Malignancy, for those with melanoma and non-melanoma skin cancer: the evidence again is very low, in favour of recommending using DMARD over a biologic or tofacitinib. Maybe a reasonable recommendation but again it does not take into account the large volume of research with TNF inhibitors. If you have a lymphoproliferative disorder, the evidence is very low, and they recommend rituximab or combination DEMARDs or abatacept or tocilizumab over a TNF inhibitor, yet many tens of thousands of patients treated with TNF inhibitors in the setting of lymphoproliferative disorders in the past or currently had no increase, meaning the rate associated with TNF inhibitors is exactly the rate associated with rheumatoid arthritis, hence it is the disease and not the drug.

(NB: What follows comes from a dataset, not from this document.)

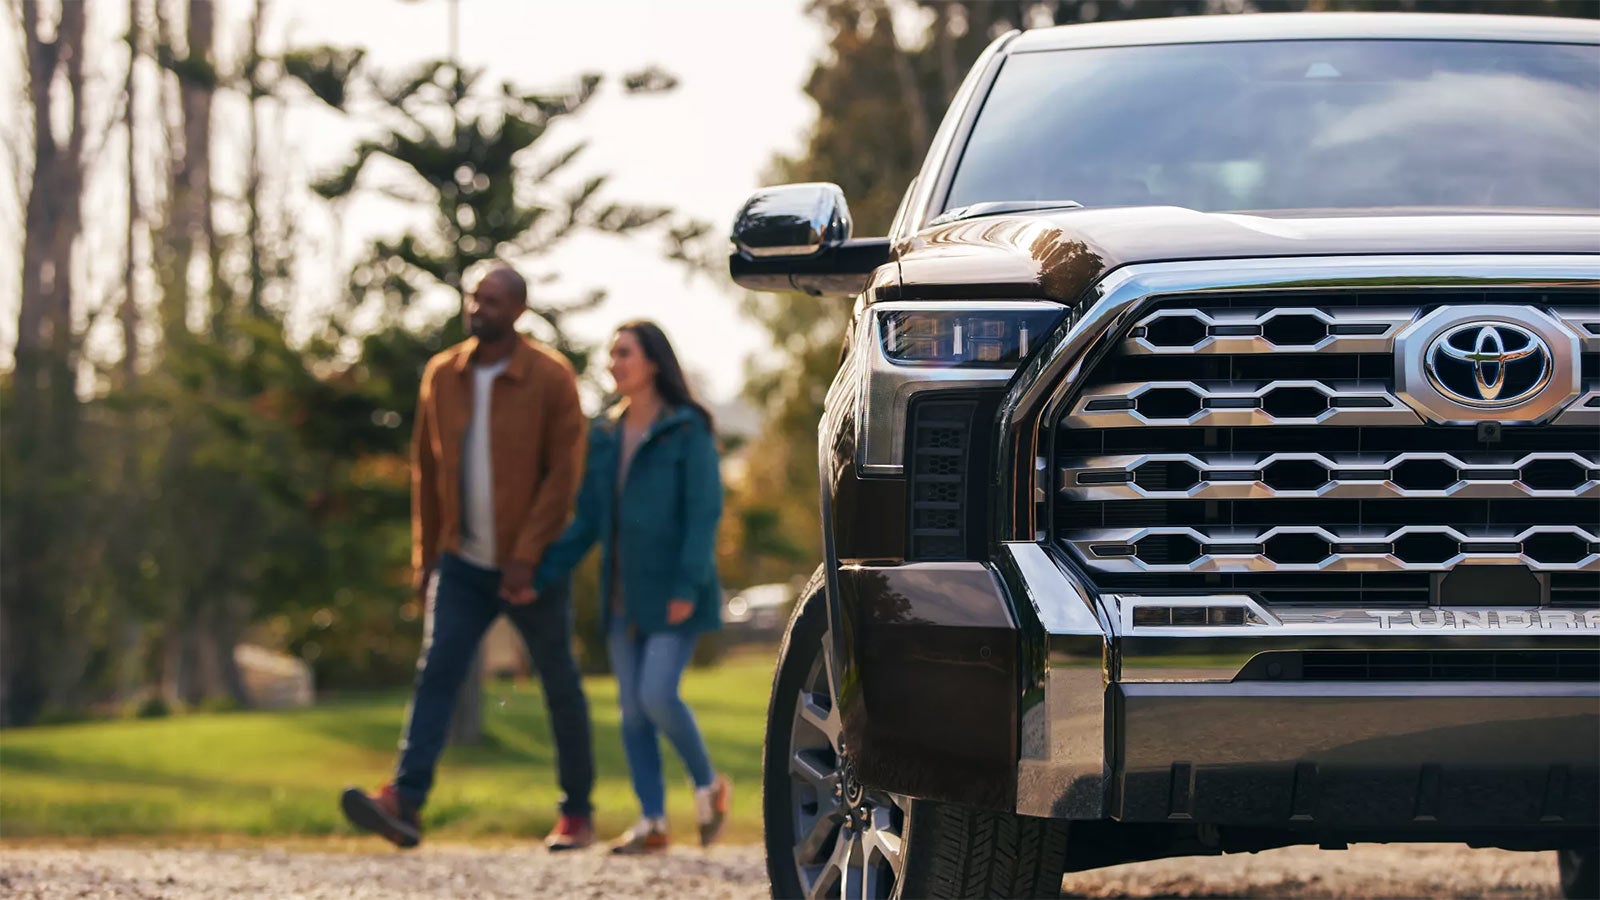 2022 Toyota Tundra Gallery | Baierl Toyota in Mars PA

Lastly they say if you have a solid tumor, that you should receive the same therapy as you would if you didn't have a solid tumor. I received many questions this week about patients with prostate cancer or lung cancer and “can I safely use their previous biologic therapy?”, and of course you can and the evidence is actually quite good in that area.
Finally, our one major concern, or maybe our first concern with these drugs is serious infections events or SIEs. Again the evidence supporting the ACR recommendations is very low. They suggest combination abatacept be used before TNF inhibitors again. I think that the most important thing is that inflammation drives infection risk way more than it does a TNF inhibitor. I think infliximab in high doses has a much higher risk than any of the other biologics. I think abatacept probably has the lowest risk of all the biologics and certainly a combination DMARD regimen is also going to look very good, but that's the comparator group, so again those are reasonable recommendations, but I don't think I would exclude a TNF inhibitor from consideration. Thank you very much.